On Oct 24, 2018, at 5:57 AM, dnsop-requ...@ietf.org wrote:
> Surely any sequence of labels that terminates with a pointer to any
> label within that same sequence is an existence proof of such a loop.
> The degenerate case is a single label terminated by a pointer to
> itself.
So I gather that:
1. Pointers must indeed go back to an earlier location in the packet.
2. This is not alone quite sufficient to prevent loops.
Thus, given "1" we get the follow possibilities:
a. The most recent pointer expands to a name that terminates
at an offset prior to the pointer.
b. The most recent pointer leads to an earlier label of the
same domain (length-1 pointer loop). This is easy to detect.
c. The most recent pointer expands to a domain that moves
past the location of the pointer, without arriving at that
pointer, because it is just part of the data of some label.
For example:
... 10 05 l a r r y 10 m o e NNN MMM c u r l y [...]
| initial length 10 label |ptr 10 back|
|len 5 label |len 10 pointer-skipping label |
yielding the domain name:
\005larry\010moe.larry.moe\NNN\MMMcurly.[...]
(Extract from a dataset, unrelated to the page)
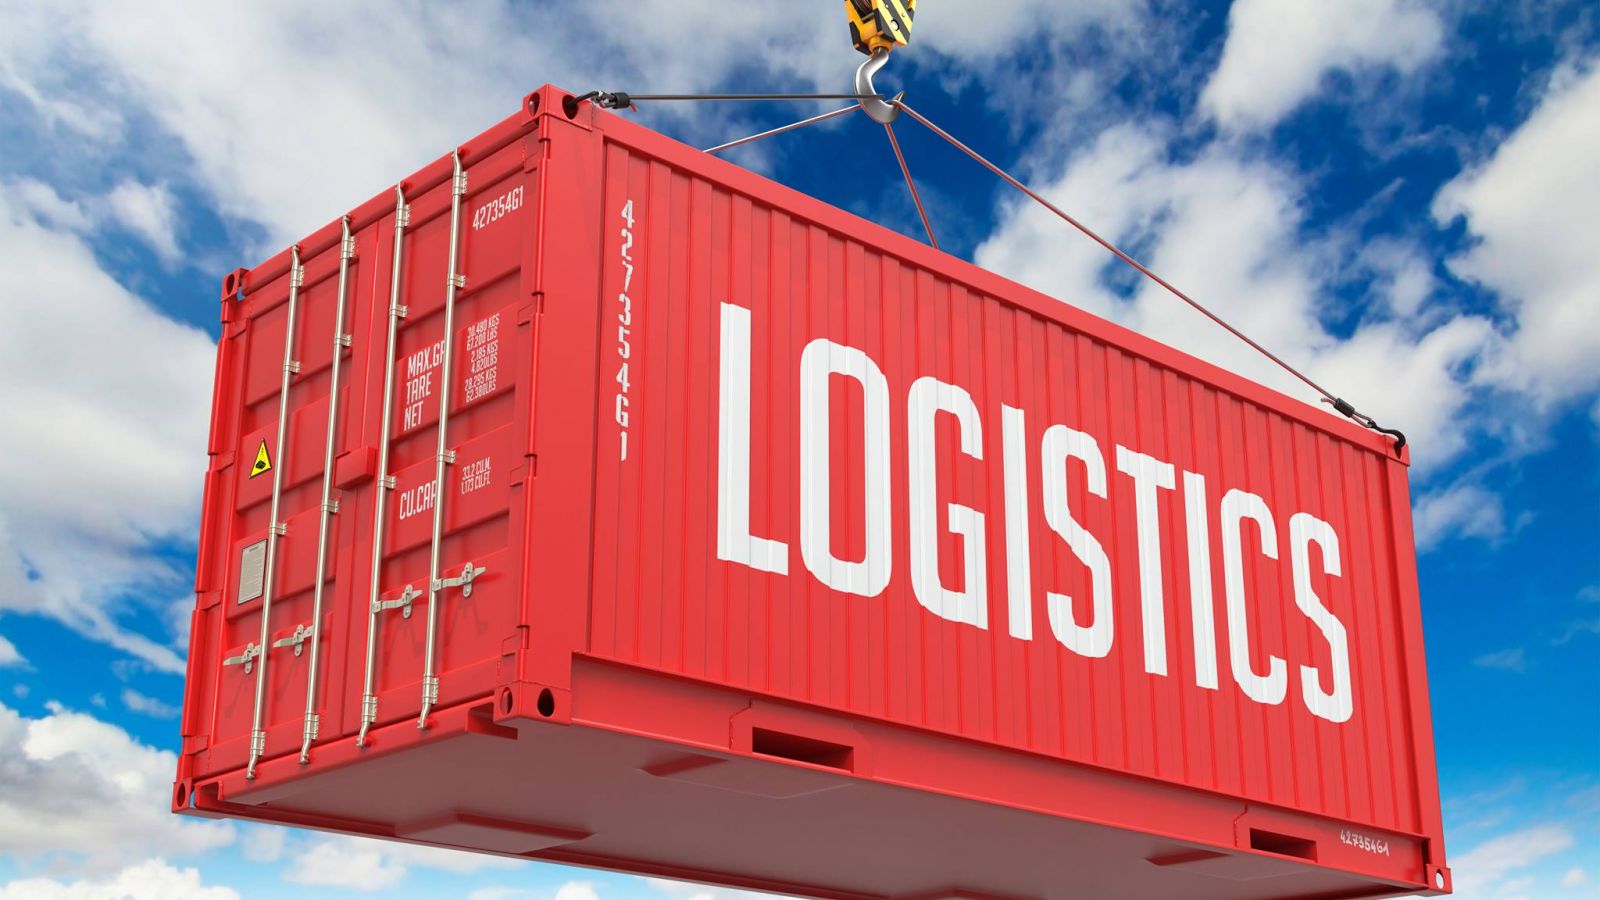 Vietnams’ logistics service has reached a relatively high growth rate over recent time, rising from 12% to 14%.

in which the double occurence of "larry" and "moe" just
happens to be possible to compress away, due to a fortuitous
position in the packet, with the pointer bytes also matching
label content within the domain name.
So it seems that with "1" enforced, and "b" easily handled, it seems
to me (ready to be proved wrong again) that the remaining way one
can get loops is for some pointer to expand to something that
(directly without traversing any other pointer) reaches that very
same pointer or skips past it as ordinary data in the expanding
name. Such a packet does not violate the restriction on pointers
going forward, but supposing no loop results, is this a valid
compressed name?
I'm inclined to say that such a compressed name, by creating a
pointer to a name that ultimately that same pointer as label content,
is all too clever and that I would not be wrong to write a decoder
that rejects such compressed encodings.
Am I missing something this time?
--
Viktor.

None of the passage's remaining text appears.